If you have time, you can now look at a more complicated genome.

 

7 LOAD THE SECOND SEQUENCE FILE

Go back to the "original" ARTEMIS window - the one that first appeared when you selected it from the "Start" menu.

Click on "File" select "Open" and choose the file bmbac.fsa

N:\DeptSoftware\SciEng\Biological Sciences\BIOLOGY\GGIII\bmbac.fsa

(OR YOU CAN GET THE bmbac.fsa FILE FROM HERE, DOWNLOAD IT TO YOUR MACHINE, SAVE AS bmbac.fsa AND THEN OPEN IT IN ARTEMIS)

This piece of genomic DNA derives from the parasitic nematode Brugia malayi - the same species you assembled the mtDNA of earlier.

A new ARTEMIS sequence information window will pop up.

 

8 FINDING EUKARYOTIC ORFS

You"ll notice immediately from looking at the top panel that there are no obvious large ORFs like there were with the previous fragment of genome.

As before, mark the ORFs which are 100bp or longer... only 1 should appear.

Is this a true ORF?

It may not have a start Met, but it could still be an exon.

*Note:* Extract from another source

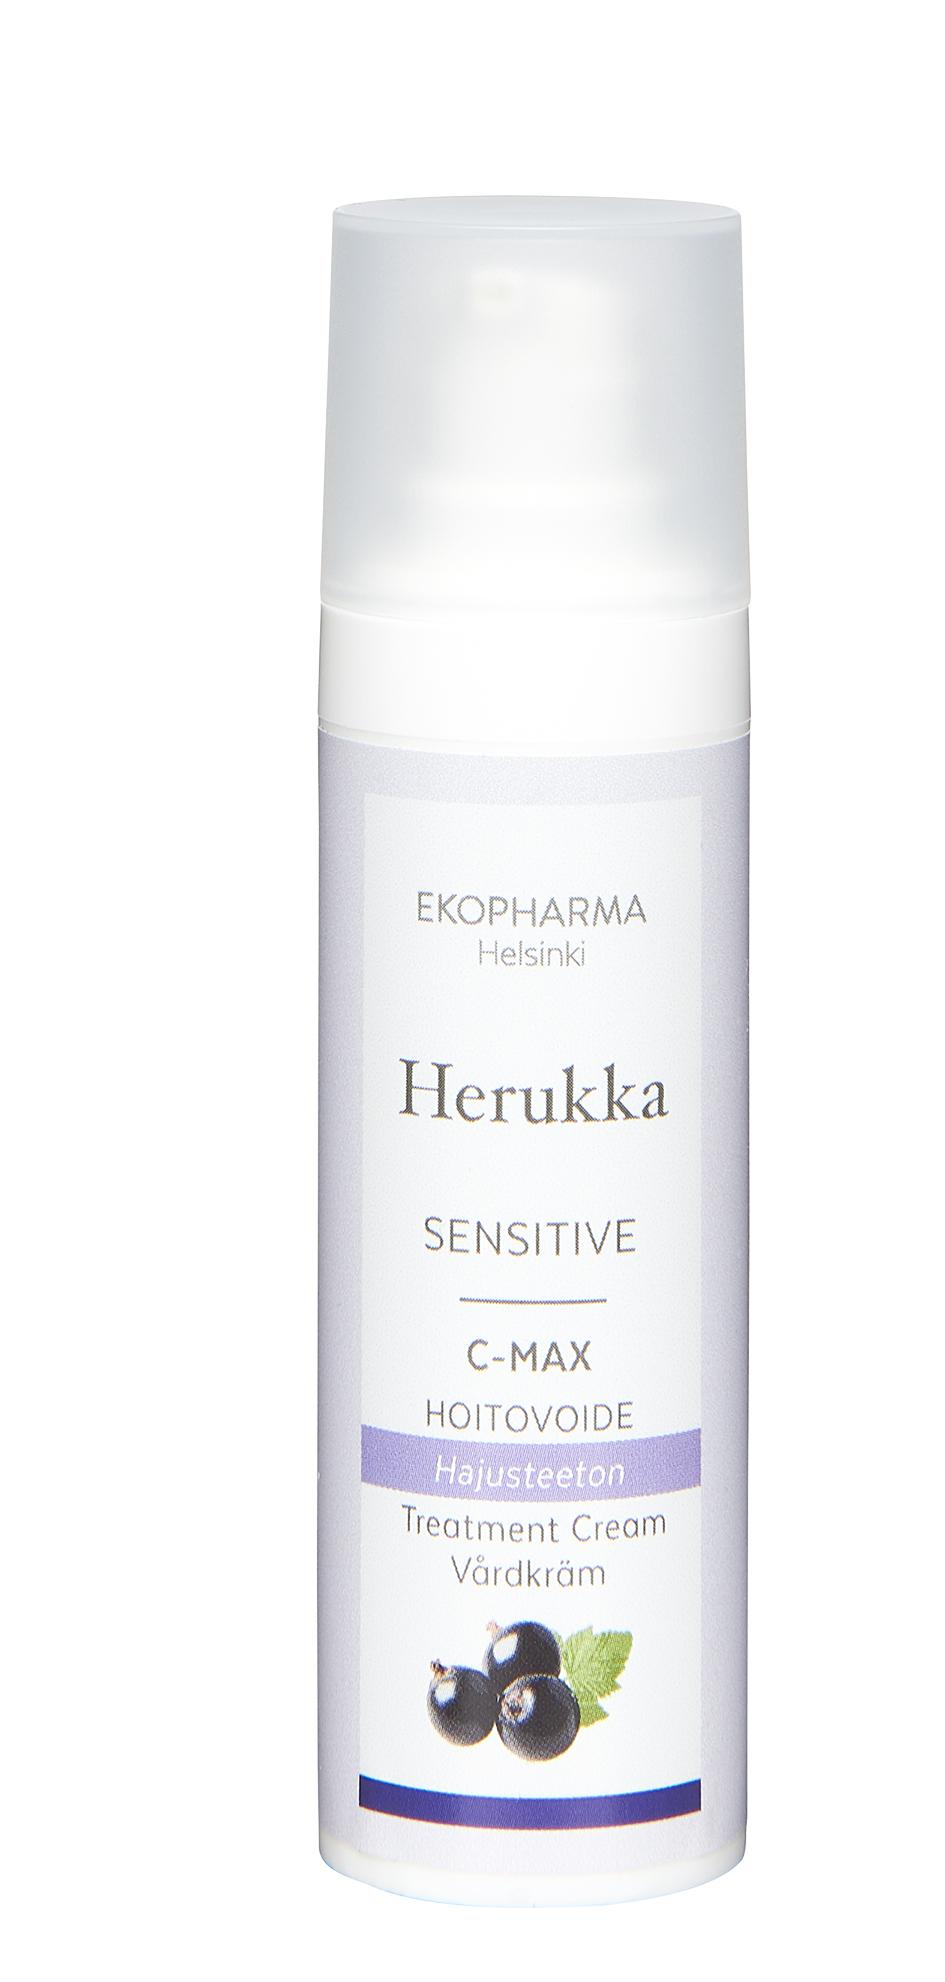 Herukka C-Max Hoitovoide 30ml (hajusteeton)

Can you find a splice acceptor site (GA) within this "ORF"?

Hints: The genome from which this piece of DNA comes has the following "consensus" for splice acceptor and donor sites. Not every intron conforms to these exactly, but they should help. The lower case letters are less conserved, while the uopper case ones are almost univerally conserved. Italicised bases are part of the exon.

agGT - - - - intron - - - - tttcAGg

donor - - - - - - - - - - - acceptor

What could you look at to verify the presence / absence of an acceptor site?

 

9 IS THIS REGION OF THE BRUGIA MALAYI GENOME EXPRESSED?

We have generated a lot of expressed sequence tags for Brugia malayi. We can use these to see if this region of tthe genome is present in the transcriptome.

Select the region of this short ORF and select "View" -> "View bases of selection as fasta".

Then go to the NCBI page again http://www.ncbi.nlm.nih.gov/ , select BLAST from the top menu, but this time choose "standard nucleotide-nucleotide search" (a BLASTN search). NB: For database, select "est_others" rather than nr.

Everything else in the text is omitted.